Football, la solitude du jeune arbitre face au harcellement sexuel
jeudi 4 mars 2010 à 19:18 - permalien #567
L'affaire a débuté par les confidences d'un jeune arbitre de 27 ans, Michael Kempter, au président des arbitres, Volker Roth.
Il accuse Manfred Amerell, 63 ans, personnage clé dans le milieu des arbitres pour leur affectation, de l'avoir soumis à divers reprises à des approches sexuelles. Les confidences ébruitées par le quotidien Frankfurter Rundschau le 10 février ont déclenché aussitôt un déballage public, avec ses noirceurs et ses abimes, "qui donnerait assez de matières pour un feuilleton criminel".
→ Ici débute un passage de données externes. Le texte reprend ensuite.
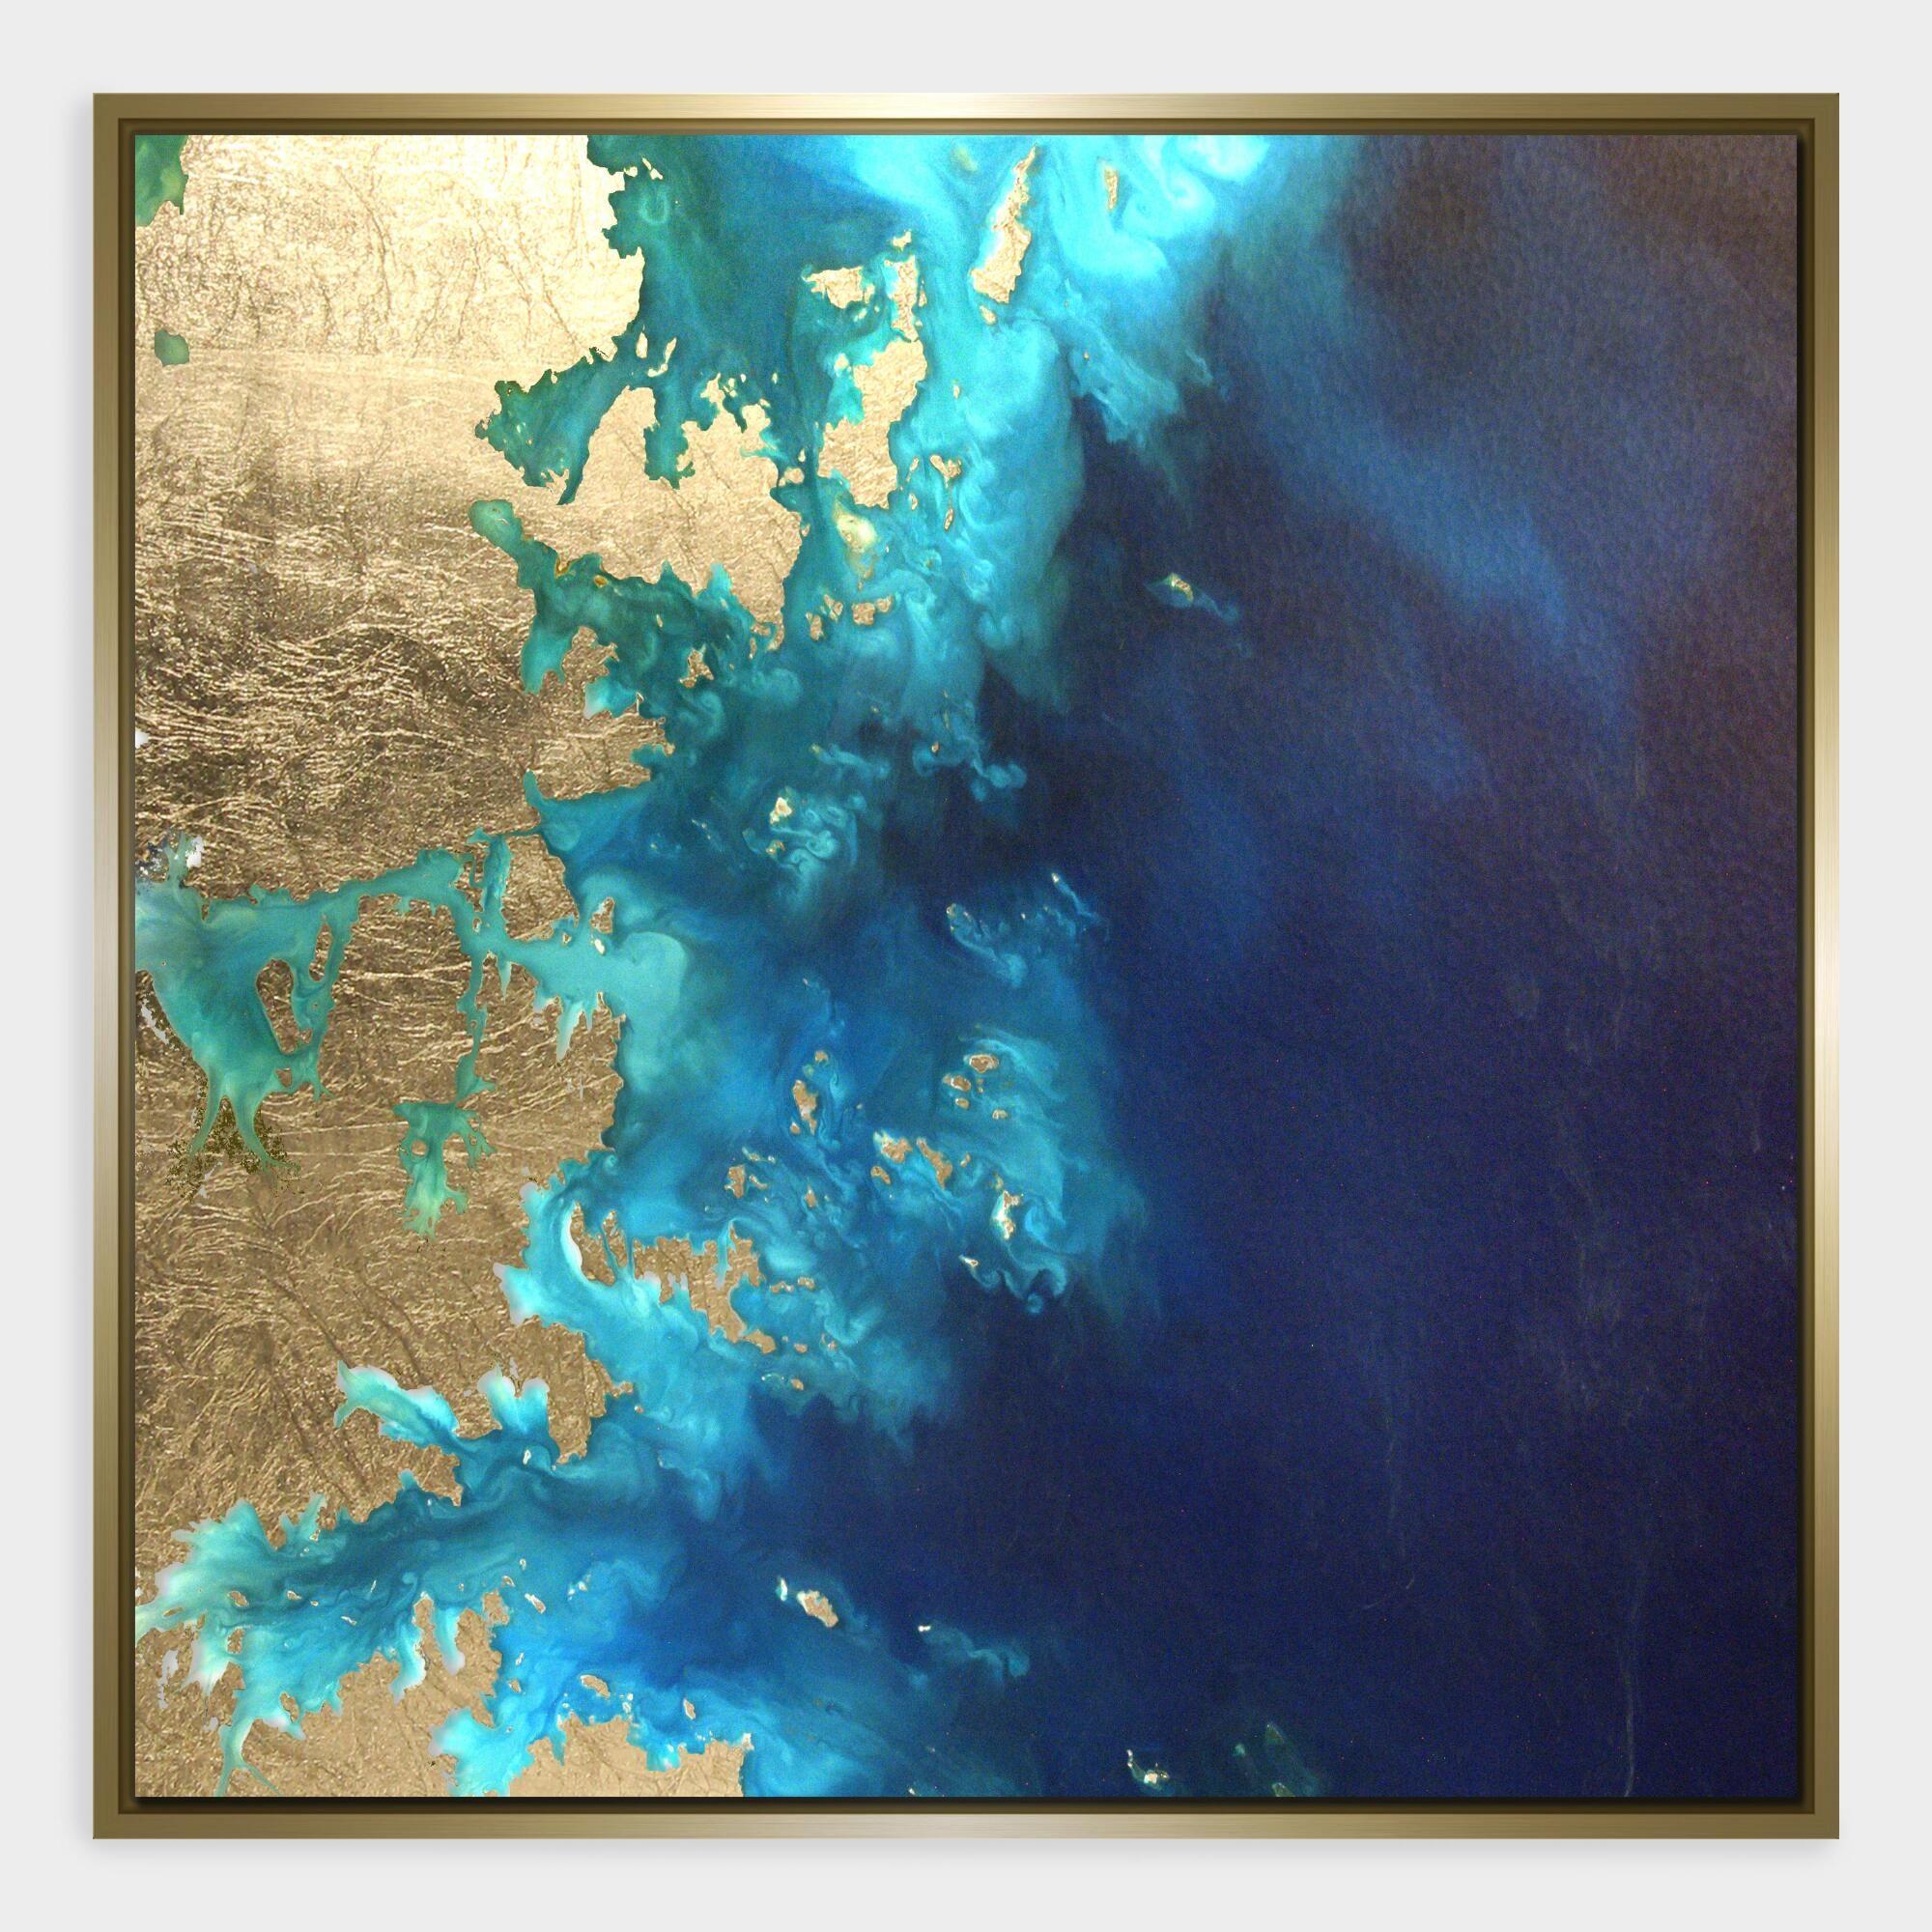 4f03d1967db2 Gold Leaf Land And Sea Print Framed Wall Art  Blue - Medium by World Market

Celui-ci a exposé alors son drame et les pratiques d'Amerell en détail dans un interview au Bild Zeitung.
Lorsqu'on l'interroge sur son silence prolongé, il répond: "j'avais simplement peur pour ma carrière d'arbitre. Et j'avais honte. J'ai tenté de faire l'impasse, mais ça remontait toujours. Quand j'ai remarqué que d'autres étaient dans le même cas, je me suis décidé à parler. Je voulais protéger d'autres jeunes. "Est-ce que je peux t'appeler mon trésor" a dit Amerell par exemple à l'un d'entre eux.
Pour moi ça été le signal d'alarme".
Des douzaines de journalistes étaient attendus à Münich aujourd'hui, devant le tribunal ou Amerell était confronté au président de la fédération allemande de football, Theo Zwanziger, contre lequel il a porté plainte. Celui-ci a relayé en effet au nom de la fédération les accusations du jeune arbitre, renforcées par quatre témoignages, dont les jeunes auteurs tiennent à rester anonymes. Un ancien arbitre charge lui aussi maintenant l'influent Amerell et évoque un "système" en place depuis des années. Celui-ci demande la condamnation de la fédération pour les accusations proférées à son égard par son président.
"Qui ment, qui en profite, qui veut déconsidérer qui? Qui dit la vérité? Le scandale ébranle le football allemand, souligne le Berliner Zeitung." Zwanziger assure aujourd'hui vouloir briser le cartel du silence, faire toute les clarté et protéger les jeunes arbitres. Il jure de démissionner de son poste, si le tribunal le condamne.
Le cas Amerell/Kemper est d'autant plus sensible qu'il mêle abus sexuel et homosexualité. Un tabou dans le monde du football.
Les footballeurs homos vivent une pression énorme car ils sont obligés de se cacher, souligne une ancienne sportive professionnelle dans le Tagesspiegel. Tout se fait en façade. Des hôtesses sont louées pour les soirées de gala, "afin qu'un pro homo ne soit pas repéré". Ils doivent se surveiller en permanence sans craquer. Sinon leurs propres fans se moqueraient d'eux, leurs adversaires les invectiveraient, leurs manager se plaindraient de ne plus pouvoir les "vendre au sud de l'Europe", leur valeur sur le marché serait en chute libre. Kemper assure qu'il n'est pas homosexuel.
Le drame éclaire à nouveau ce monde du football dont le suicide du gardien de but de l'équipe nationale allemande, Robert Enke, dépressif, ( voir ma Revue de presse), avait déjà éclairé les abîmes. Il avait dû dissimuler sa dépression pendant sa vie de footballeur professionnel, craignant pour sa carrière, s'il brisait un tabou.